She, too, was criticized.   Writing in the Huffington Post, Lee Moran posted several negative tweets, most of them noting that Ms. Trump/Mrs. Kushner would more usefully convey her message of tolerance to her father, who is President of the United States.   One of them pointed out "seriously, #Ivanka? Are you so tone-deaf, drowining in hubris, that u don't realize how disingenuous & ironic this tweet is?"

Notwithstanding the power of Steve Bannon and the insensitivity generally of the Administration toward anti-Semitism, the irony is limited.   Ivanka is an Orthodox Jew, as is husband Jared. However, there is less to her tweet than meets the eye.

No one, not even the religiously tolerant, would argue that the USA is not a country built upon the principle of religous tolerance, although that tolerance- initially- was granted primarily to Protestants.

More significantly, however, "we must protect our houses of worship & religious centers" means next to nothing.

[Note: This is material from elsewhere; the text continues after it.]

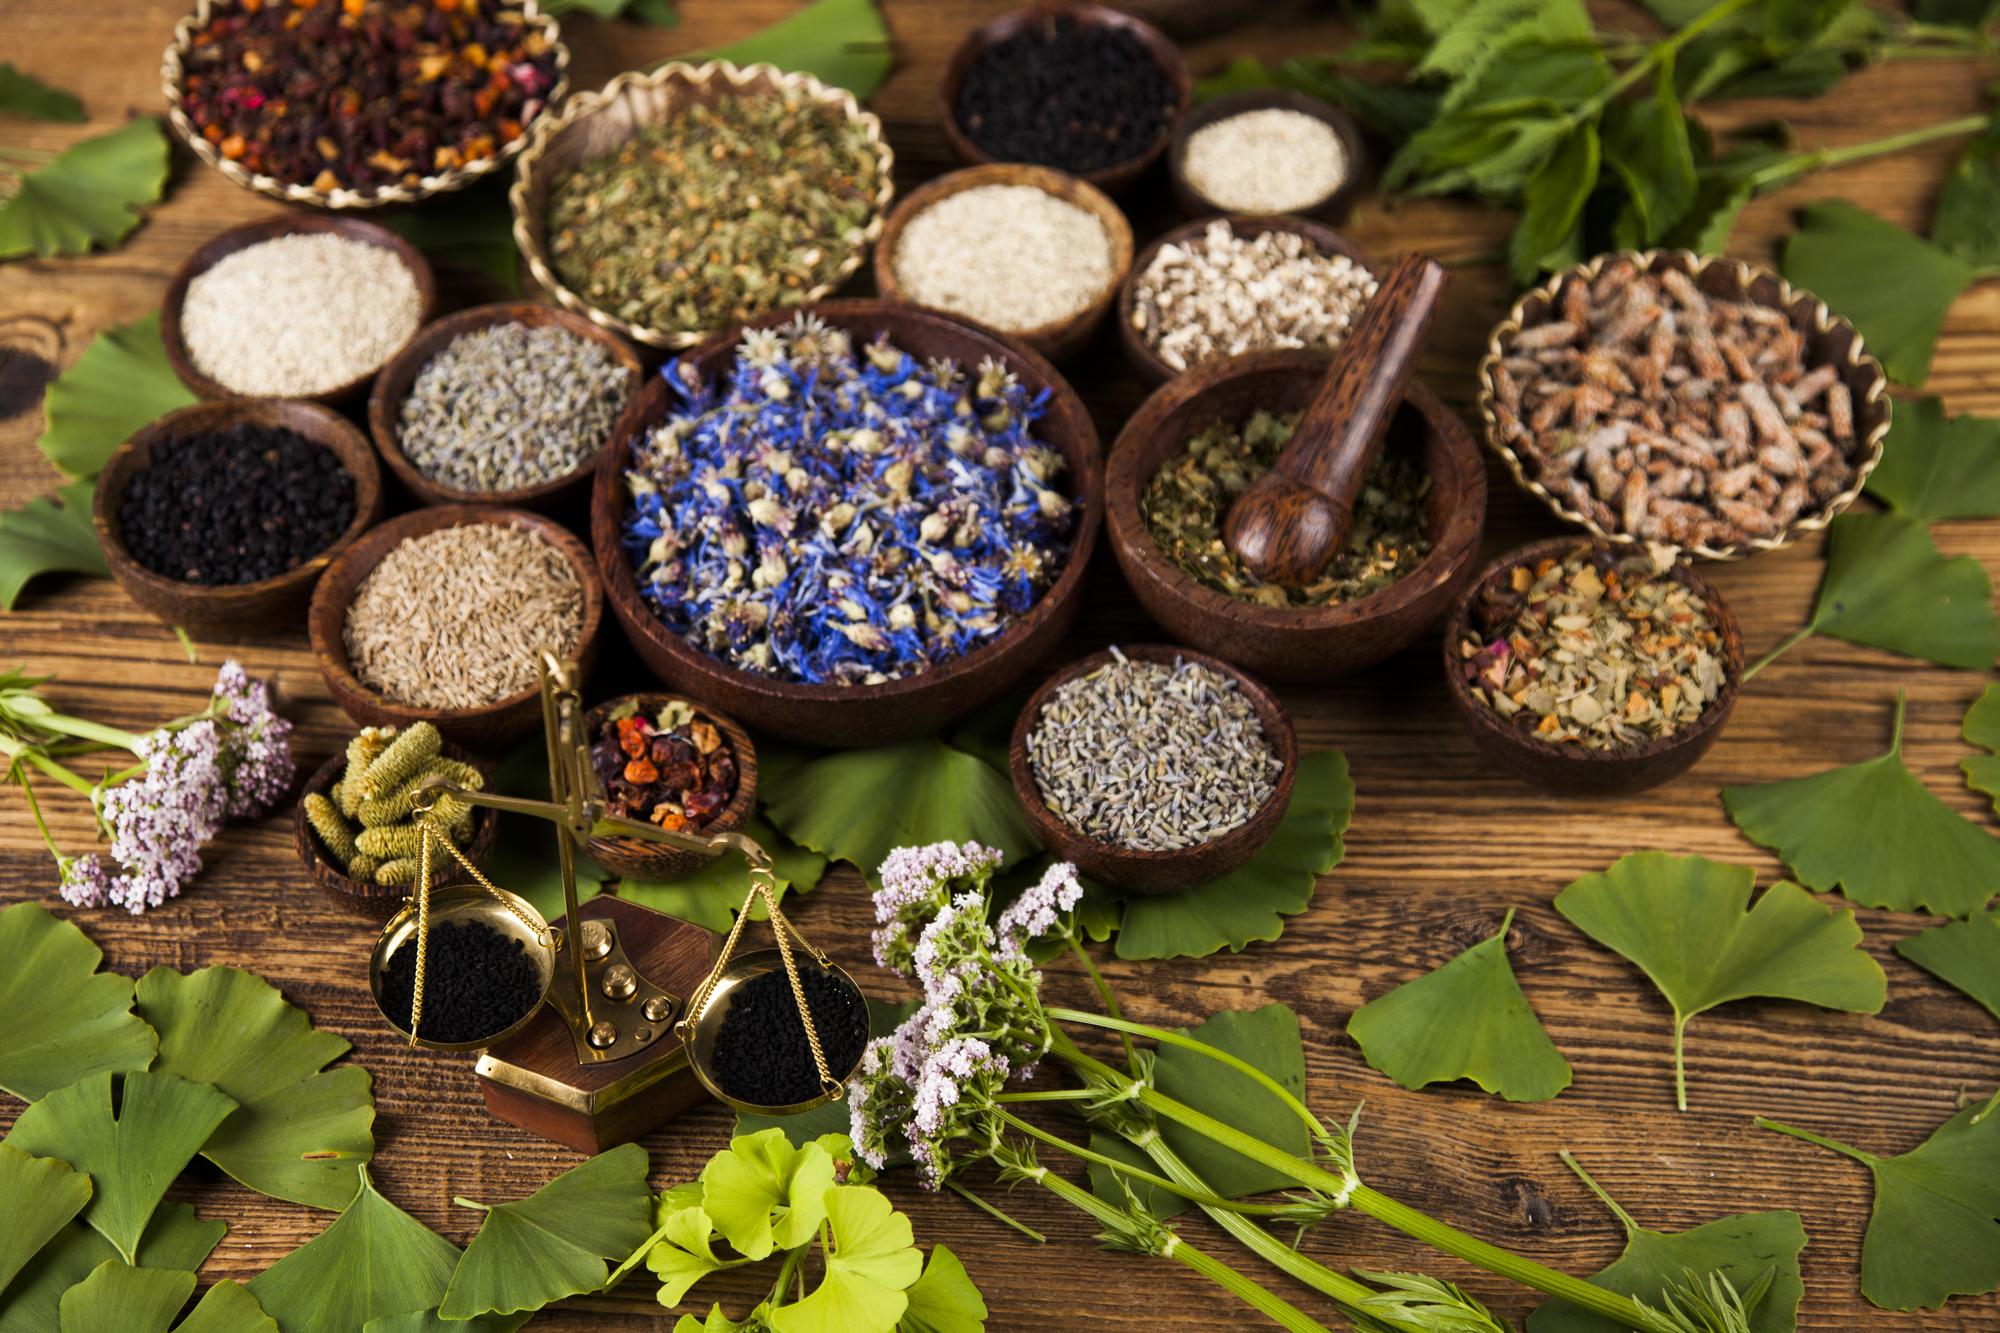 Natural medicine, wooden table background

It is akin to the all-purpose apology "..... if anyone was offended by something said...."   Ezra Klein tweets, "What is the point of not using the words 'Jewish,' 'Jewish Community Center,' or anti-Semitism' in this context?"

The question is rhetorical or at least should be. We know what the point is. Fans of her father, even his base of alternative right supporters, have little quarrel with the bland "our houses of worship & religious centers."  But many of them, especially ones of the alternative right, have a problem with Jews.  Additionally, quite a few of Trump's supporters across-the-board believe that it is Christians who are discriminated against and need protection.

Presumably, Donald J. Trump is not anit-Semitic, and not only because he has a daughter who converted to Judaism and married a Jew.  Rather, there may be many things Trump says or fails to say, does or does not do, in which he does not believe. But a fellow who correctly understood that he could publicly "shoot somebody and not lose voters" knows who his voters are and the many ways to appeal to them.